Increasing the Accuracy of the Machine Learning Model in the CarLens Mobile App
Welcome to the second part of our journey with CarLens, where we are going through all the methods that we used for improving our Machine Learning model. How did the model’s performance change? Read on to see our results with detailed charts. In case you missed the first one, make sure you read this article too.
CarLens in a nutshell
CarLens is a mobile application for both iOS and Android that lets you recognize cars you find on the street. It uses Augmented Reality and an AI-based solution to detect cars you see through the smartphone camera. Since the initial release in September, Netguru’s machine learning and mobile development teams combined efforts to improve the image recognition technology. And here is the story and lessons learned from the process.
Making sure both platforms process the model identically
When we started working with the ML team, we noticed that there were some differences between how the model behaves on Android and iOS. We needed to investigate the issue, as improving the model itself doesn’t make sense unless it works well in the mobile app. So we first had to make sure it did. We had several things to check:
- Do we perform the conversion to Android and iOS properly?
- Are we sure that the implementation of Tensorflow and CoreML do not have an impact on the effectiveness of the model?
- Are images from the camera processed in exactly the same way on both platforms?

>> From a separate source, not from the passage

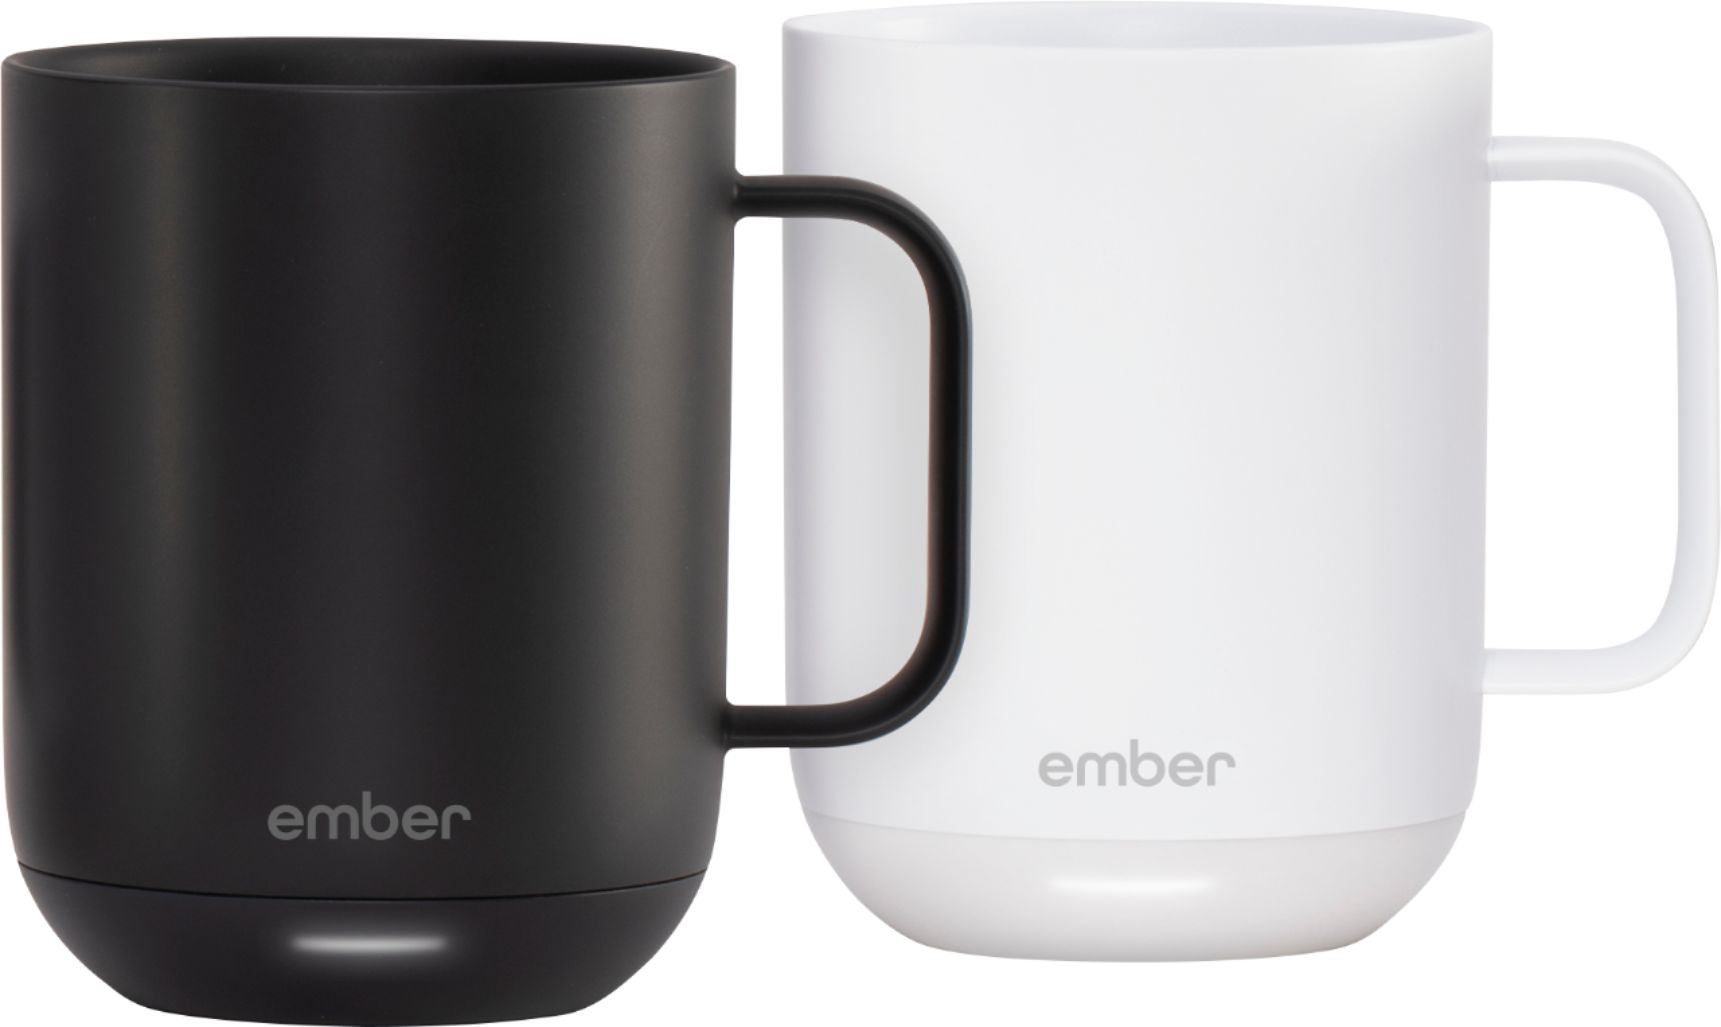 Ember 10 Oz Temperature Control White Smart Mug NEW Sealed in Box

Starting from the simplest
The first idea was to start from the easiest cases. This would be recognizing handwritten digits instead of cars with the help of the popular MNIST dataset.
Even simpler
We switched the model in the app. And shortly after, we realized an even simpler approach would be necessary, as the results were still inconsistent. We needed to create a separate testing application for this purpose. Its aim was to check images instead of processing a real-time camera view! Thus, we could check whether the result on both platforms is the same for the same set of pictures. After verification, the model seemed to be working. But that was not enough – we needed numbers.
Could you go even lower?
We came up with the simplest idea: to generate a model which takes an array of numbers as an input and returns a numeric value as a prediction in its output. This way we made sure that the data is processed identically on all platforms. The results turned out to be the same for iOS, Android, and Python! Great. We could be sure that the conversion was going fine.
Evaluation
We came back to comparing the model for images. We evaluated and tested it. We compared the results in terms of prediction confidence and we encountered another problem with the Android app. The issue was related to the image orientation in the application used for testing. The orientation is not always interpreted right on Android depending on the image source. If you use an image picker, Android ignores the image orientation, but if you choose a picture from a gallery, it sets the image orientation right. Nevertheless, it wasn’t an issue in the CarLens app as long as it's was not an issue for the camera source!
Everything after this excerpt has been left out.